La veuve d’un homme mort par suicide après avoir accumulé 18 000 livres sterling de dettes de jeu a intenté une action en justice contre Betfair, une plateforme de paris en ligne. L’audience s’est ouverte jeudi et pourrait, selon des observateurs, avoir des répercussions majeures sur l’ensemble du secteur britannique des jeux d’argent.
Luke Ashton, un habitant de Leicester âgé de 40 ans, est décédé en avril 2021. Il souffrait d’un trouble du jeu qui l’avait conduit à placer des milliers de mises auprès de la société, laquelle lui envoyait des « paris gratuits » promotionnels, a-t-il été rapporté lors des débats judiciaires.
La plaignante estime que Betfair aurait dû détecter les signes évidents d’addiction de son époux et prendre des mesures pour le protéger. L’affaire est considérée comme potentiellement pionnière : si le tribunal donne raison à la veuve, cela créerait un précédent juridique en reconnaissant pour la première fois qu’une entreprise de paris a une obligation de diligence envers ses clients présentant des comportements de jeu problématique.
Un signal d’alarme ignoré
Selon les éléments présentés au tribunal, Luke Ashton misait de façon répétée et croissante, accumulant des pertes qui ont fini par atteindre 18 000 livres. Malgré ces signaux, Betfair continuait à lui adresser des offres promotionnelles, notamment des paris gratuits destinés à encourager une activité soutenue. Les avocats de la partie civile soutiennent que la société ne pouvait ignorer le profil du client, dont les habitudes de jeu étaient caractéristiques d’un trouble addictif.
La défense de Betfair n’a pas encore été exposée publiquement dans le détail, mais l’enjeu juridique est clair : aucune décision de justice au Royaume-Uni n’a jusqu’à présent reconnu un devoir de soin ou de vigilance spécifique (duty of care) imposé à un opérateur de paris envers un joueur excessif. Une victoire de la veuve ouvrirait la voie à de nombreuses actions similaires et contraindrait les entreprises du secteur à revoir leurs pratiques de surveillance et d’accompagnement des clients.
Un contexte réglementaire tendu
Cette affaire intervient dans un climat de pression croissante sur l’industrie britannique des paris. Le gouvernement a récemment annoncé une refonte de la législation sur les jeux d’argent, avec notamment l’introduction de plafonds de mises pour les machines à sous en ligne et le renforcement des contrôles de solvabilité. Les associations de lutte contre l’addiction au jeu réclament depuis des années une responsabilisation accrue des opérateurs.
Le cas de Luke Ashton illustre, selon les plaignants, les défaillances d’un système où les incitations commerciales priment sur la protection des consommateurs vulnérables. La cour devra déterminer si Betfair avait connaissance, ou aurait dû avoir connaissance, du trouble de son client et si elle a manqué à une obligation légale de ne pas l’exploiter.

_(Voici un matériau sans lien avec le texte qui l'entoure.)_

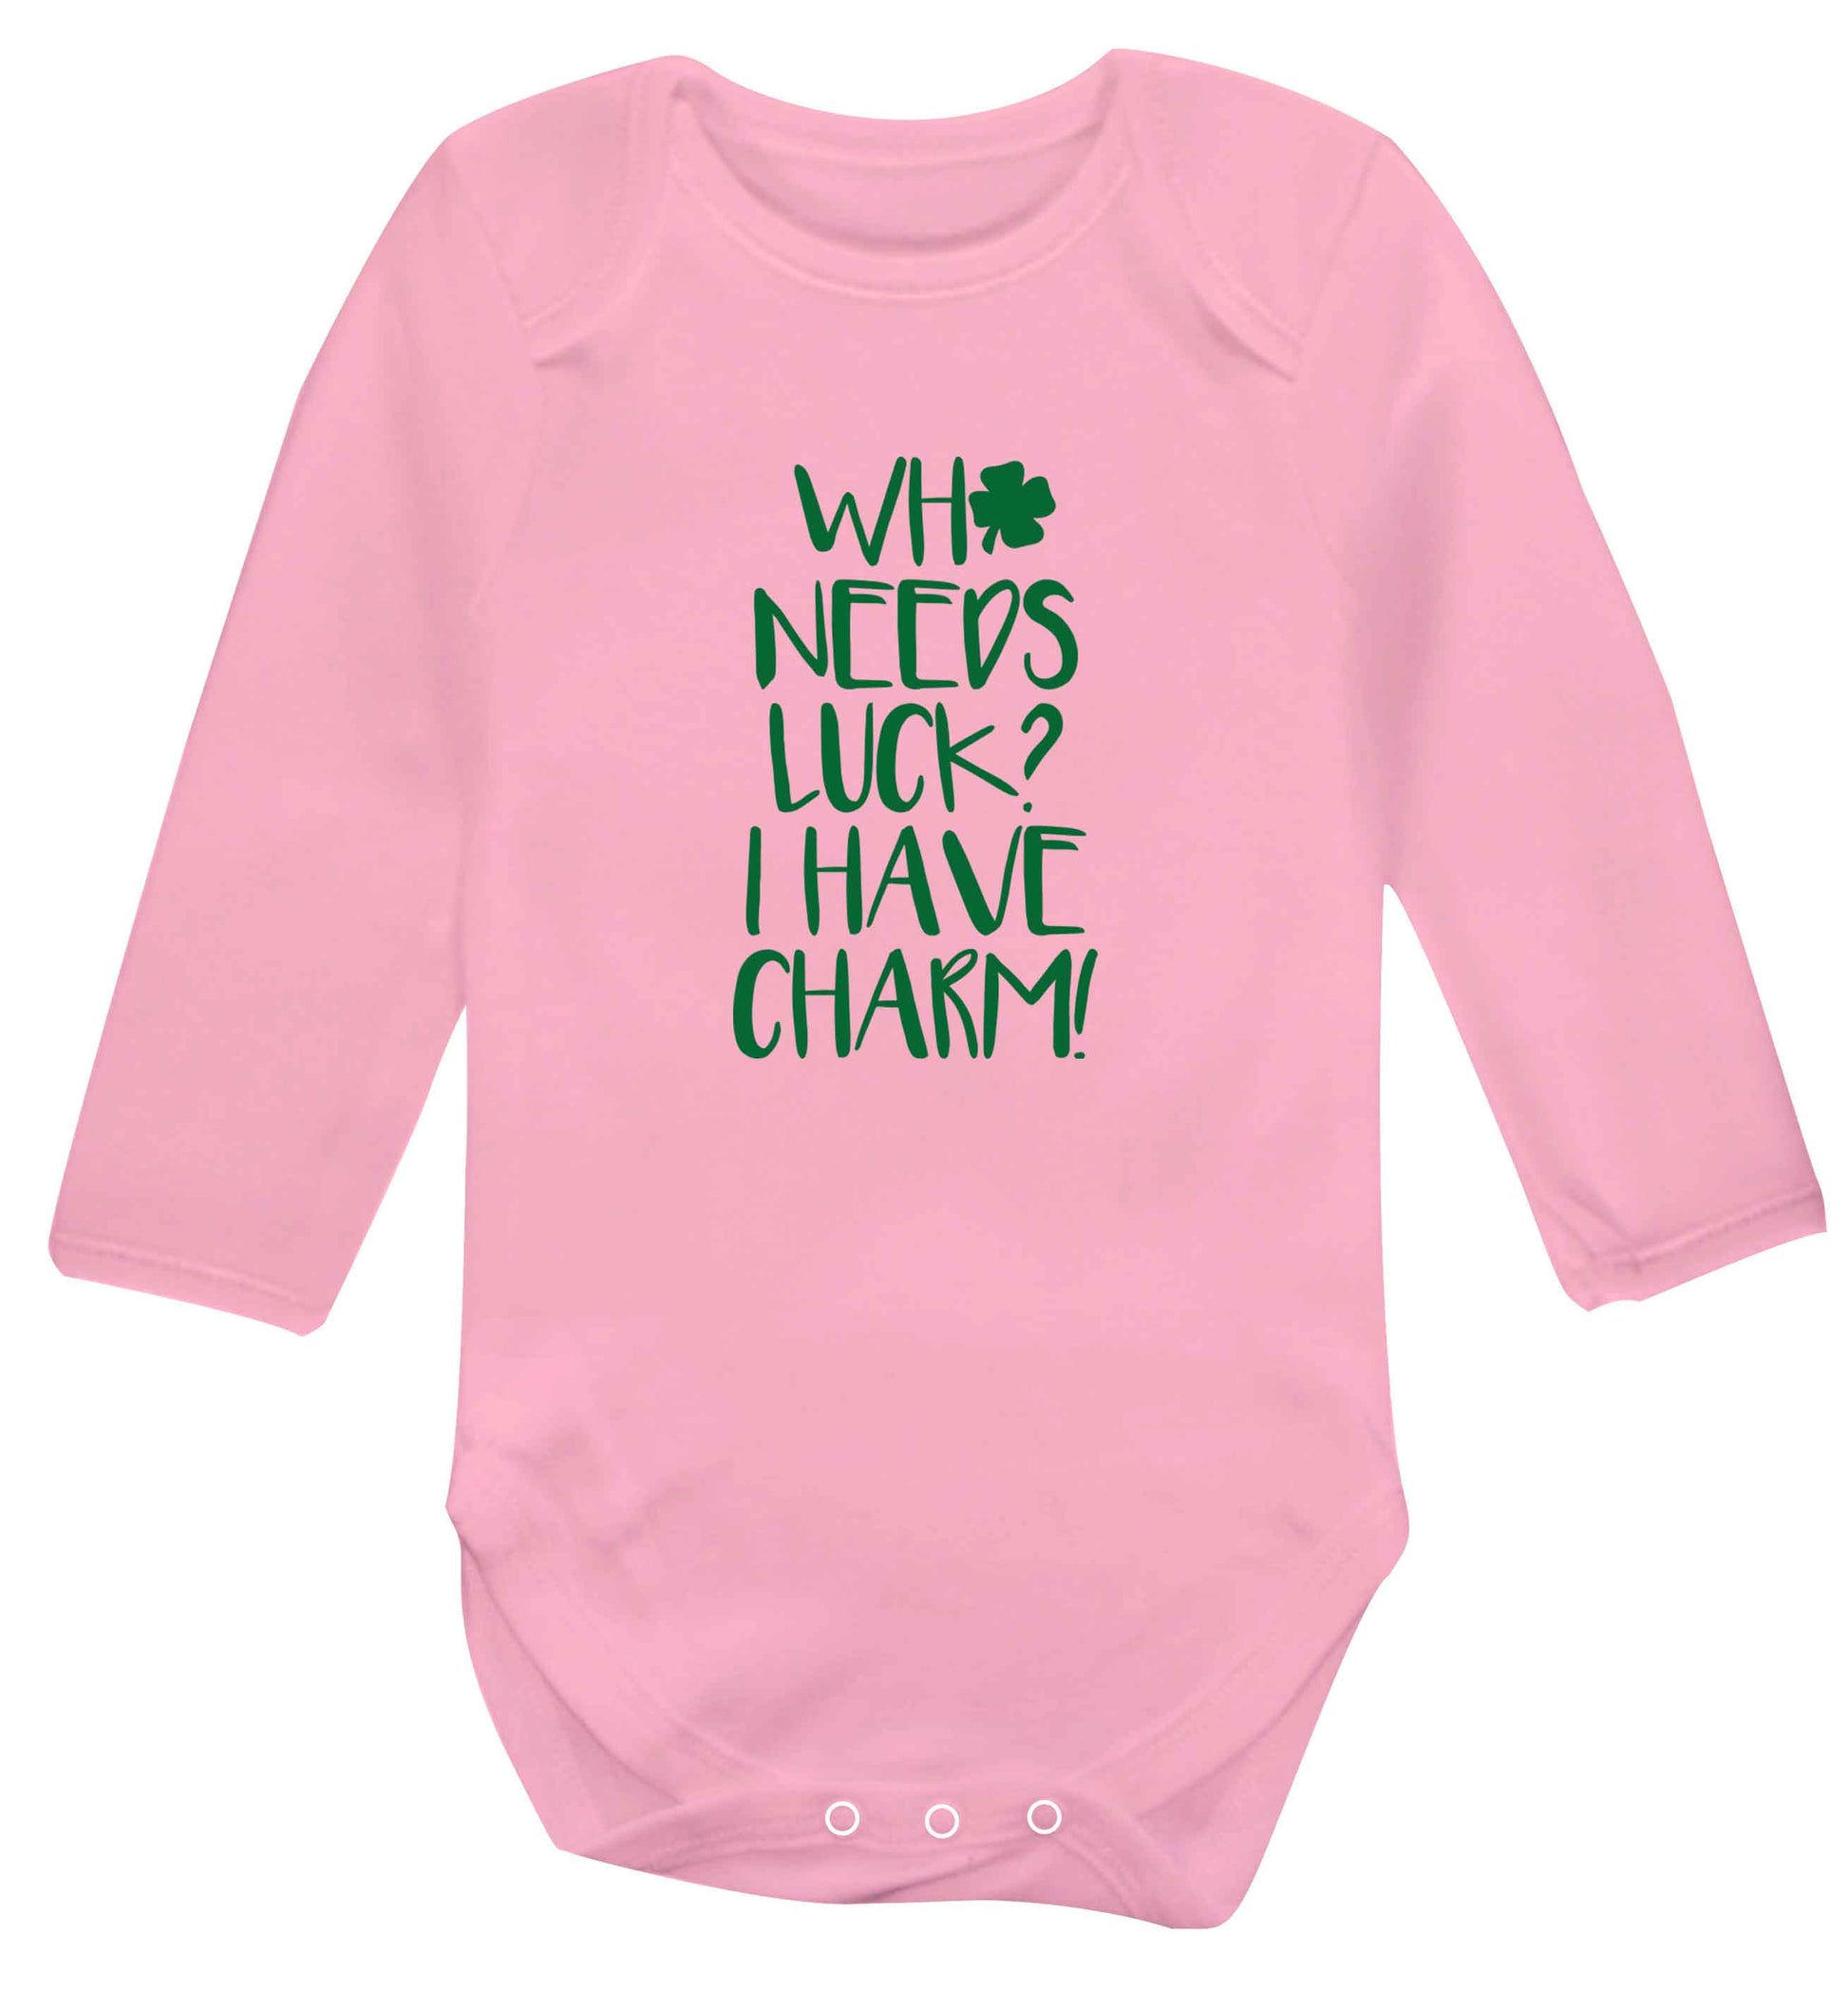 Who needs luck? I have charm! baby vest long sleeved pale pink 6-12 months

Des précédents dans d’autres secteurs
Le droit britannique reconnaît déjà un devoir de diligence dans d’autres domaines, comme la relation entre un médecin et son patient ou entre un banquier et un client surendetté. La question posée aux juges est de savoir si ce même principe peut s’appliquer aux plateformes de paris en ligne, qui collectent des données détaillées sur les habitudes de mise de leurs utilisateurs.
Les avocats de la veuve s’appuient sur des expertises montrant que les algorithmes des opérateurs sont capables de détecter des comportements à risque, mais que ceux-ci ne déclenchent pas toujours une intervention appropriée. Dans le cas d’Ashton, des paris répétés et des pertes importantes auraient dû alerter le système de Betfair.
Une audience suivie de près
L’affaire se déroule devant la High Court de Londres. Les débaux devraient durer plusieurs jours, et le jugement pourrait être rendu dans les semaines suivant la fin des auditions. Les représentants de Betfair n’ont pas commenté publiquement le fond de l’affaire avant l’audience.
Quelle que soit l’issue, cette action en justice marque une étape dans la contestation judiciaire des pratiques des géants des paris en ligne. Selon des sources proches du dossier, d’autres familles de victimes d’addiction au jeu envisagent de se tourner vers les tribunaux si la veuve d’Ashton obtient gain de cause.
Le nombre de personnes souffrant de troubles du jeu au Royaume-Uni est estimé à plusieurs centaines de milliers, tandis que les revenus de l’industrie dépassent les 14 milliards de livres par an. La balance entre la liberté commerciale et la protection des consommateurs est au cœur du débat que cette affaire pourrait contribuer à trancher.